Круглый зрачок небольшого озера всматривался в высокое небо, по которому неспешно плыли редкие облака, да птицы вспарывали знойный воздух острыми крыльями. Песчаный пляж был заполнен отдыхающими дачниками. В воде у самого берега бултыхалась стайка ребятни детсадовского возраста, оглашая окрестности визгом и хохотом. Со всех сторон озеро окружал смешанный лес, оставляя лишь узкую жёлтую полоску на радость купальщикам. Высокие тёмные ели с остроконечными верхушками, как ресницы окружали голубое око воды. Тонкие стволы берёз трогательно белели на их фоне. Одинокая плакучая ива полоскала ветви в тёмной прохладной глубине.
Глеб бросил пакет с пляжными принадлежностями на свободном месте и стал раздеваться, предвкушая наслаждение от купания. Не успел он расстелить покрывало и сложить одежду аккуратной стопкой, как его спутница, издав дикий боевой клич индейцев апачей, пронеслась мимо в ярком цветастом купальнике и влетела в воду, подняв тучу брызг. Глеб усмехнулся и неспеша последовал за ней.
Прогретая солнцем вода ласково коснулась разгорячённой кожи. И от этого прикосновения раковина его памяти щёлкнула, и из тёмных глубин выкатилось перламутровой жемчужиной редкое воспоминание детства: они с ребятами летом в детском лагере купаются в реке. Визг, крики, смех, плеск воды, летящие во все стороны хрустальными россыпями брызги, рокочущий бас воспитателя, требующего не заплывать далеко, бьющее в глаза солнце и переполняющая душу и тело радость…

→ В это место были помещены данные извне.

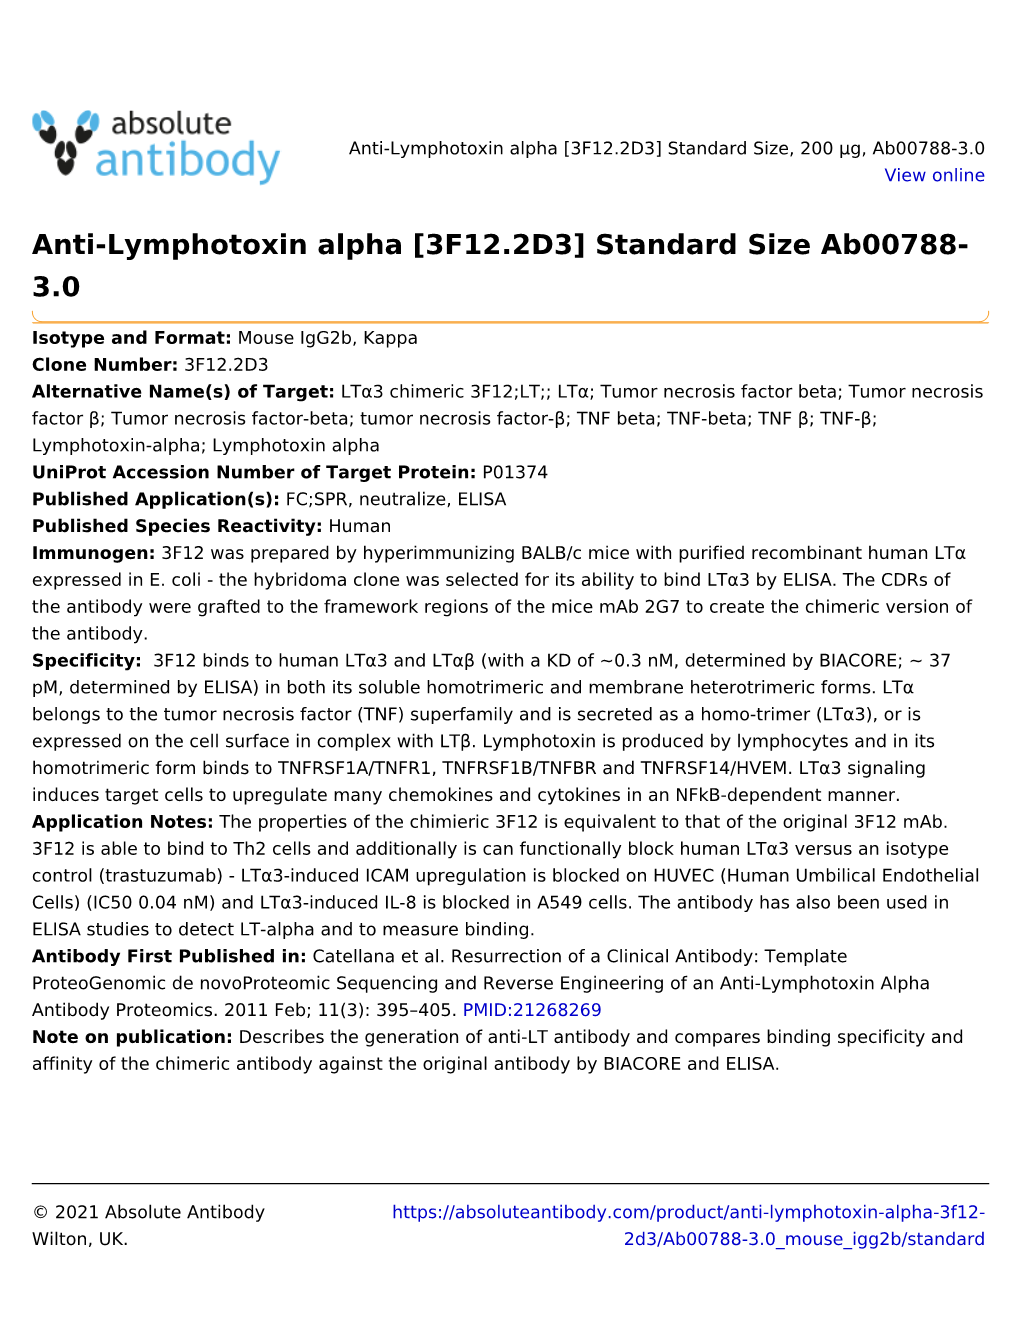 Anti-Lymphotoxin Alpha [3F12.2D3] Standard Size Ab00788- 3.0

Глеб медленно, словно смакуя приятные ощущения, погрузился в воду и поплыл, сильными гребками толкая себя к противоположному берегу. Солнце золотой каплей качалось над самой головой. Пролетела, на секунду зависнув над ним и шелестя жёсткими крылышками, огромная лупоглазая стрекоза. На середине озера он перевернулся и, раскинув руки, лёг на спину, чувствуя, как его бережно покачивают мелкие волны. Июльское небо огромным голубым куполом накрыло его. Голоса и смех купальщиков отдалились, слились в неясный звуковой фон вместе с шёпотом листвы. «Вот он – рай!» – подумал Глеб и улыбнулся собственной мысли.
Вдруг сквозь всплески воды донёсся сдавленный крик: «Глеб!.. Помоги!». Парень встрепенулся, перевернулся на живот и закрутил головой, пытаясь высмотреть того, кто кричал. Сердце бухнулось о рёбра и застучало тревожно, едва он увидел тонкие детские руки, то взмывающие над поверхностью воды, то исчезающие в глубине. Светловолосая макушка Зойки странным мячиком то всплывала, то погружалась в воду. «Господи, она же тонет!» – мелькнуло в голове, и Глеб ринулся спасать. В два мощных гребка он подплыл к девочке и нырнул, потому что на поверхности воды уже не было видно ни светлой макушки, ни беспомощно бьющихся рук.
Он нырял и нырял, силясь рассмотреть в зеленоватой толще воды детскую фигурку в ярком купальнике. Но Зойки нигде не было. Всплыв на поверхность, он набирал в грудь побольше воздуха и снова нырял, отчаянно мечась из стороны в сторону. Лёгкие уже разрывало от боли, сердце стучало в ушах, в голове стоял монотонный гул, но все его усилия были напрасны.
Вынырнув в очередной раз, Глеб жадно хватал воздух ртом, пытаясь отдышаться, и вдруг совсем недалеко услышал весёлый смех.
– А ты и правда неплохо плаваешь, Склифосовский! – смеялась живая и здоровая Зойка, сидя на выступающем из воды камне. Мокрые волосы торчали в разные стороны, делая её похожей на взъерошенного птенца. По лицу блуждала издевательская улыбочка. – Ставлю пять баллов. Могу даже рассказать отцу, как ты самоотверженно пытался меня спасти. Вдруг он вручит тебе медаль за спасение утопающих?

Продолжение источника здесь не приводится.